Padahal semua itu bukan eksploitasi—melainkan ekspresi cinta, adab, dan kerendahan hati.


Pesantren: Dunia Nilai, Bukan Dunia Transaksi

Dunia pesantren tidak dibangun atas logika “hak dan kewajiban,” melainkan atas logika cinta dan ketulusan.
Santri membantu guru bukan karena diperintah, tapi karena ingin berkhidmah.
Ia belajar menghargai jerih payah, merendahkan diri, dan menumbuhkan rasa hormat yang kelak menjadi fondasi moralnya di masyarakat.

Ketika santri mencium tangan guru, itu bukan bentuk penyembahan manusia pada manusia, tapi penghormatan kepada ilmu dan pembawa cahaya pengetahuan.
Ketika wali murid memberi amplop atau hadiah pada guru anaknya, itu bukan suap, melainkan ungkapan terima kasih tulus — semacam ritual sosial yang mempertautkan kasih dan hormat di antara manusia.

Namun, siapa yang terbiasa hidup dalam sistem dunia dingin yang hanya mengenal transaksi, tentu akan buta pada bahasa cinta semacam ini.


Bahasa Hati yang Kini Ditinggalkan

Kita hidup di zaman ketika banyak orang kehilangan bahasa hati.
Yang tersisa hanyalah logika formal: untung-rugi, hak-kewajiban, kontrak dan gaji.
Maka ketika melihat sesuatu yang tak bisa dijelaskan lewat kacamata itu, mereka langsung menuduhnya tidak rasional, bahkan salah.

Orang yang kehilangan rasa adab akan selalu menuduh orang beradab sebagai penjilat.
Orang yang kehilangan rasa cinta akan selalu menuduh orang yang mencintai sebagai orang yang diperdaya.

Padahal di dunia pesantren, khidmah (melayani) adalah bagian dari pendidikan moral.
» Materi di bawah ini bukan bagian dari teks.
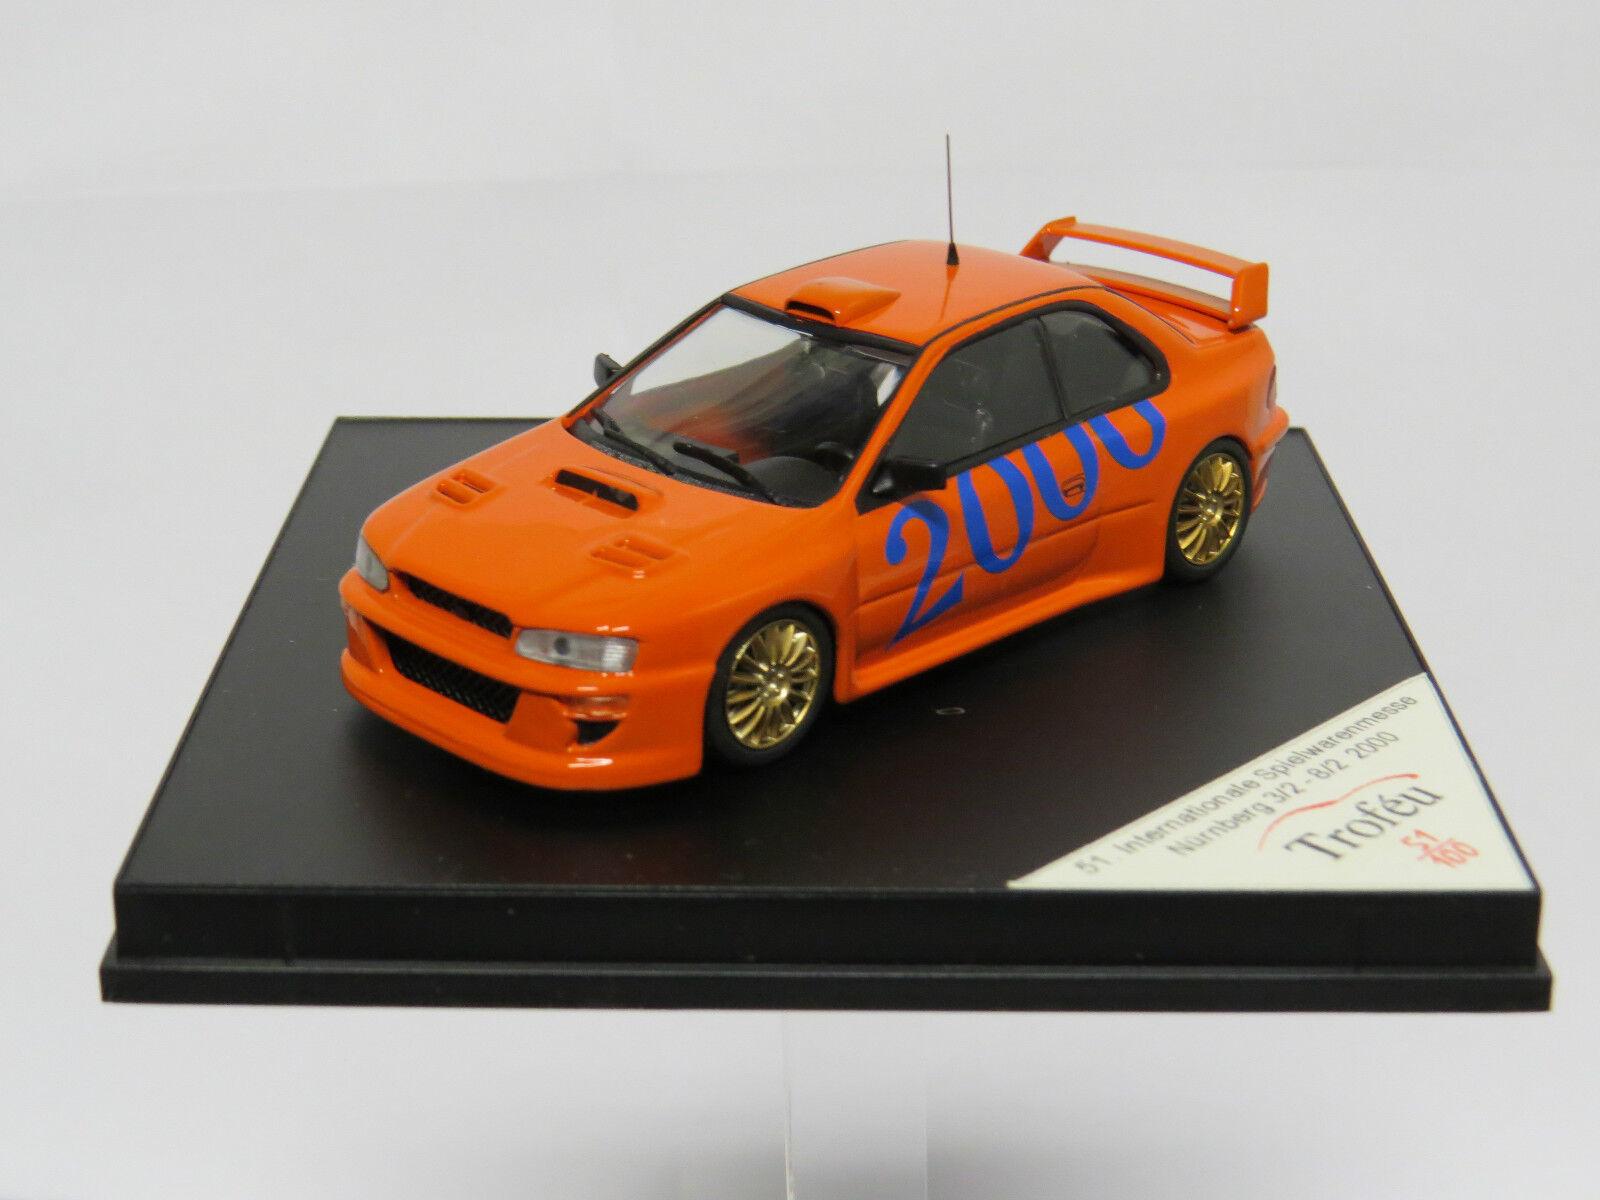 Subaru 51ste Inter Spielwarenmesse Nürnberg 2000 1 43 Troféu 51 100 limited

Ia bukan beban, melainkan cara untuk mengasah jiwa agar lembut dan rendah hati.


Kegagalan Jurnalisme yang Kehilangan Kepekaan Budaya

Kesalahan media seperti ini bukan sekadar kesalahan liputan, tapi kegagalan memahami konteks budaya.
Dalam etika jurnalistik ada istilah cultural sensitivity — kepekaan terhadap nilai, tradisi, dan cara pandang masyarakat yang diliput.
Tanpa ini, jurnalisme berubah menjadi alat kolonialisasi pandangan modern terhadap kearifan lokal.

Mereka membawa kamera, tapi lupa membawa hati.
Mereka menyorot fenomena, tapi gagal menangkap maknanya.
Akhirnya, yang seharusnya menjadi pelajaran luhur malah disulap menjadi sensasi dan kecurigaan.


Masuklah dengan Hati, Bukan dengan Kamera

Untuk memahami pesantren, orang harus masuk dengan hati, bukan dengan prasangka.
Pesantren bukan tempat kerja, tapi ruang penyemaian jiwa.
Hubungan guru dan murid bukan relasi kuasa, tapi relasi cinta dan keberkahan.

Masuklah dengan niat belajar, bukan mencari cela.
Lihatlah dengan kacamata nilai, bukan kacamata sensasi.
Karena di balik kesederhanaan pesantren, ada kebijaksanaan besar tentang kemanusiaan dan keikhlasan yang mungkin telah hilang di dunia modern.


Penutup: Pelajaran dari Kesalahan Sudut Pandang

Kesalahan sudut pandang dapat mengubah keindahan menjadi keburukan, dan ketulusan menjadi kecurigaan.
Namun bagi mereka yang pernah nyantri, atau pernah menjadi wali santri, mereka tahu betul:
tidak ada paksaan dalam mencium tangan guru, tidak ada eksploitasi dalam membantu guru, tidak ada manipulasi dalam memberi hadiah.
Semua itu lahir dari cinta — dan cinta tidak bisa diukur dengan kamera, mikrofon, atau rating acara televisi.

Pesantren mengajarkan: adab adalah puncak ilmu, dan cinta adalah inti dari belajar.
Mereka yang memahami ini, tak akan pernah salah dalam mengambil sudut pandang.